But it is what has to happen for GM, Ford, and Chrysler to survive. They have to go bankrupt and throw the UAW under the bus. Unless they break the back of the unions suffocating them and develop a cost structure competitive to toyota and honda, they will cease to exist unless nationalized by Obama and the communists as some sort of welfare job program.
Note, no mention of union concessions.
Huh??? GM to go bankrupt and then we bail them out??? How does that help drive down union costs, pension costs, supplier costs?
Stop it! This is silly!
Enough of this. They won’t survive; no way, no how. Pieces of the companies may be purchased just like the banking operations of WAMU were bought, but the companies themselves are done.
Would you buy a Chevy once GM has declared bankruptcy? Chevrolet and the other GM plates have been bleeding share for too long. A buyer may come in to purchase the production capacity, but that is about it.
GM, Ford, and Chrysler are dead. It is time to bury the carcasses.
Please just let them die so new, more responsible companies can come in and grow. This is no different than the airlines.

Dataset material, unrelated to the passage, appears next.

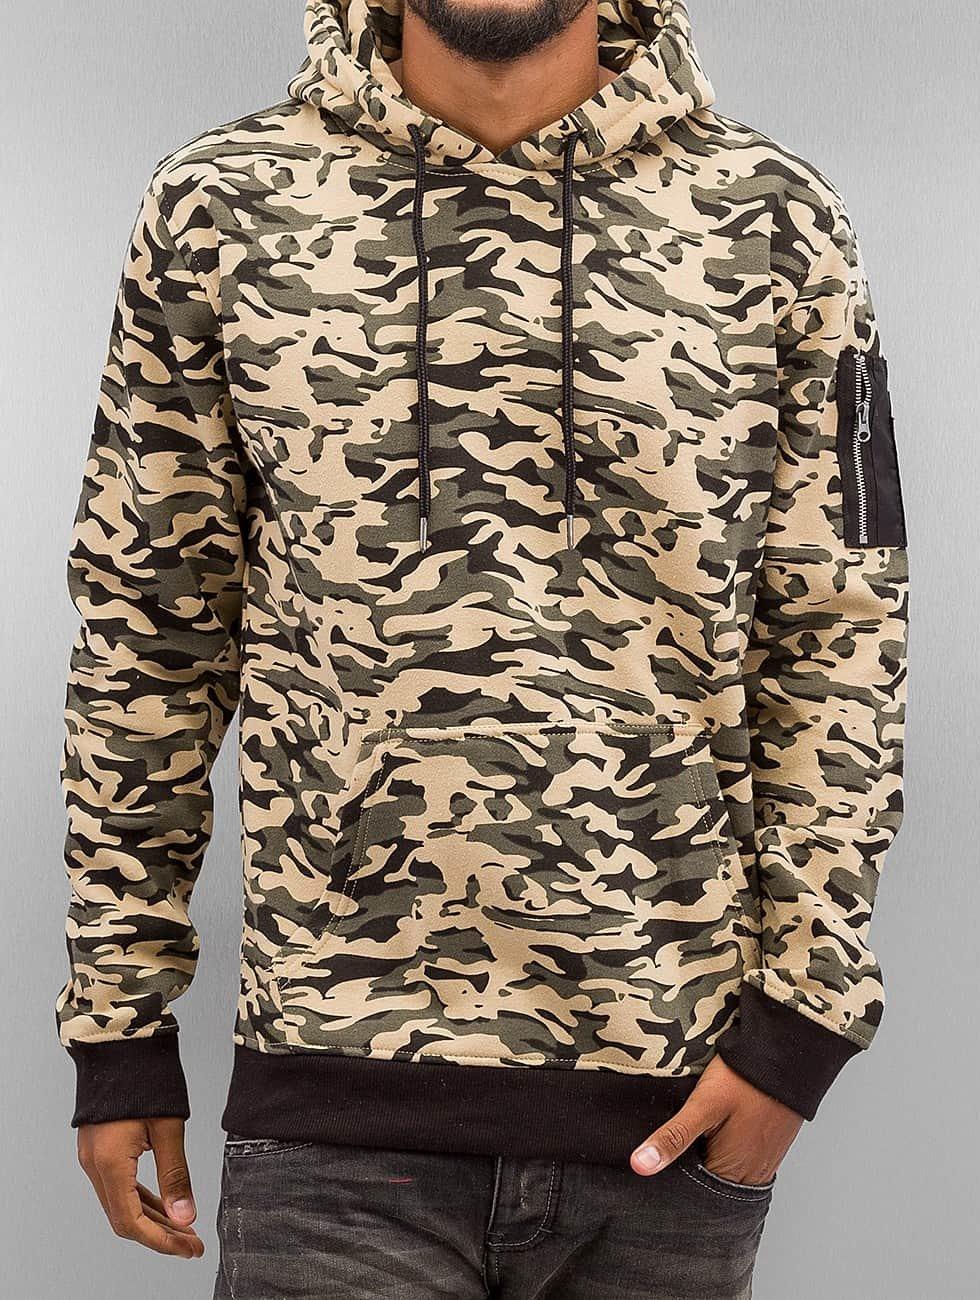 Urban Classics Hoody Sweat Camo Bomber camouflage

They should have died too.
Bad. Companies. Must. Die.
I fear rats bearing gifts. The rat idea of a managed bankruptcy is a UAW bailout with rats gaining control of the US auto industry. Say hello to the new rat CEOs, Barney and Chris, guided by their UAW masters.
You’ll hear the MSM pronouncing how the gov’t loans saved Chrysler under Iococca. For those who remember, the gov’t held warrants at $9+ for lots of Chrysler stock. When Iococca went to pay off the debt early, part of the deal was that the gov’t give back the warrants. I recall Chuck U Schumer not being so warm toward that deal, because the gov’t could have made tons of money by exercising warrants when Chrysler stock was above $20/share. The warrants would have ruined the run up. But the gov’t gave in.
The situation is still the same - car companies basically blackmailing the gov’t by threatening to put millions on unemployment conpensation, which even with a bailout now, that scenario is still in the future - ie. money down the drain. Iococca did the same with England when he ran Ford there, way back when. His ‘executive ability’ was way overrated.